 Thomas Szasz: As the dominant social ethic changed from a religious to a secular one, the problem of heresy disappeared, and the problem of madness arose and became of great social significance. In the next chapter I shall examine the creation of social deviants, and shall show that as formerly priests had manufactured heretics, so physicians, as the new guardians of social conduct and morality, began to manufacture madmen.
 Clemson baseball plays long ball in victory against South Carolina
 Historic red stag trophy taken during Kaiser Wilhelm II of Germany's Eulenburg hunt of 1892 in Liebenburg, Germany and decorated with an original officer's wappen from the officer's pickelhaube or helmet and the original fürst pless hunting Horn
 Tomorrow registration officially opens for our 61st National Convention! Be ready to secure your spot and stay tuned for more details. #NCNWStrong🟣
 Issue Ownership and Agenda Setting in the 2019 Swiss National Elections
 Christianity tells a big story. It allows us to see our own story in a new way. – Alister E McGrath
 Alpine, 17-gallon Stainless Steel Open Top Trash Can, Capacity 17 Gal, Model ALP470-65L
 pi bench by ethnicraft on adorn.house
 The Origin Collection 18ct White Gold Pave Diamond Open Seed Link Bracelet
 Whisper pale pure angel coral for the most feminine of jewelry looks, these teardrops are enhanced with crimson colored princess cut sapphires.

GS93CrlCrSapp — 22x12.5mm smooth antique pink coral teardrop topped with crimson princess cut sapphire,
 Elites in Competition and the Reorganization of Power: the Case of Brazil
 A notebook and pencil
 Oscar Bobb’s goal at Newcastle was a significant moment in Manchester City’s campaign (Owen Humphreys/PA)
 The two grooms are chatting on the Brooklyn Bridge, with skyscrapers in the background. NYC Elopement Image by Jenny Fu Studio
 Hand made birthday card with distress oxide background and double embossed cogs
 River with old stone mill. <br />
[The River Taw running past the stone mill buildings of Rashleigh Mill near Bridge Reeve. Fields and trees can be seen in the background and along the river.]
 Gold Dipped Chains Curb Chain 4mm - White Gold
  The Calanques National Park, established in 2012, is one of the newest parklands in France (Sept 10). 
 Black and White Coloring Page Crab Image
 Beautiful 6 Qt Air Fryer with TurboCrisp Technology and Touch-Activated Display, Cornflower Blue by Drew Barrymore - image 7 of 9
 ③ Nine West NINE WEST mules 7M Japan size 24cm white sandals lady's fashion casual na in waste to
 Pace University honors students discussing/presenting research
▬▬▬▬▬▬▬▬▬▬
■ **What this task involves**:
Quote every line of the records above, from the first down to the one holding "Black and White Coloring Page Crab Image", exactly as written.

■ **Task result**:
 Thomas Szasz: As the dominant social ethic changed from a religious to a secular one, the problem of heresy disappeared, and the problem of madness arose and became of great social significance. In the next chapter I shall examine the creation of social deviants, and shall show that as formerly priests had manufactured heretics, so physicians, as the new guardians of social conduct and morality, began to manufacture madmen.
 Clemson baseball plays long ball in victory against South Carolina
 Historic red stag trophy taken during Kaiser Wilhelm II of Germany's Eulenburg hunt of 1892 in Liebenburg, Germany and decorated with an original officer's wappen from the officer's pickelhaube or helmet and the original fürst pless hunting Horn
 Tomorrow registration officially opens for our 61st National Convention! Be ready to secure your spot and stay tuned for more details. #NCNWStrong🟣
 Issue Ownership and Agenda Setting in the 2019 Swiss National Elections
 Christianity tells a big story. It allows us to see our own story in a new way. – Alister E McGrath
 Alpine, 17-gallon Stainless Steel Open Top Trash Can, Capacity 17 Gal, Model ALP470-65L
 pi bench by ethnicraft on adorn.house
 The Origin Collection 18ct White Gold Pave Diamond Open Seed Link Bracelet
 Whisper pale pure angel coral for the most feminine of jewelry looks, these teardrops are enhanced with crimson colored princess cut sapphires.

GS93CrlCrSapp — 22x12.5mm smooth antique pink coral teardrop topped with crimson princess cut sapphire,
 Elites in Competition and the Reorganization of Power: the Case of Brazil
 A notebook and pencil
 Oscar Bobb’s goal at Newcastle was a significant moment in Manchester City’s campaign (Owen Humphreys/PA)
 The two grooms are chatting on the Brooklyn Bridge, with skyscrapers in the background. NYC Elopement Image by Jenny Fu Studio
 Hand made birthday card with distress oxide background and double embossed cogs
 River with old stone mill. <br />
[The River Taw running past the stone mill buildings of Rashleigh Mill near Bridge Reeve. Fields and trees can be seen in the background and along the river.]
 Gold Dipped Chains Curb Chain 4mm - White Gold
  The Calanques National Park, established in 2012, is one of the newest parklands in France (Sept 10). 
 Black and White Coloring Page Crab Image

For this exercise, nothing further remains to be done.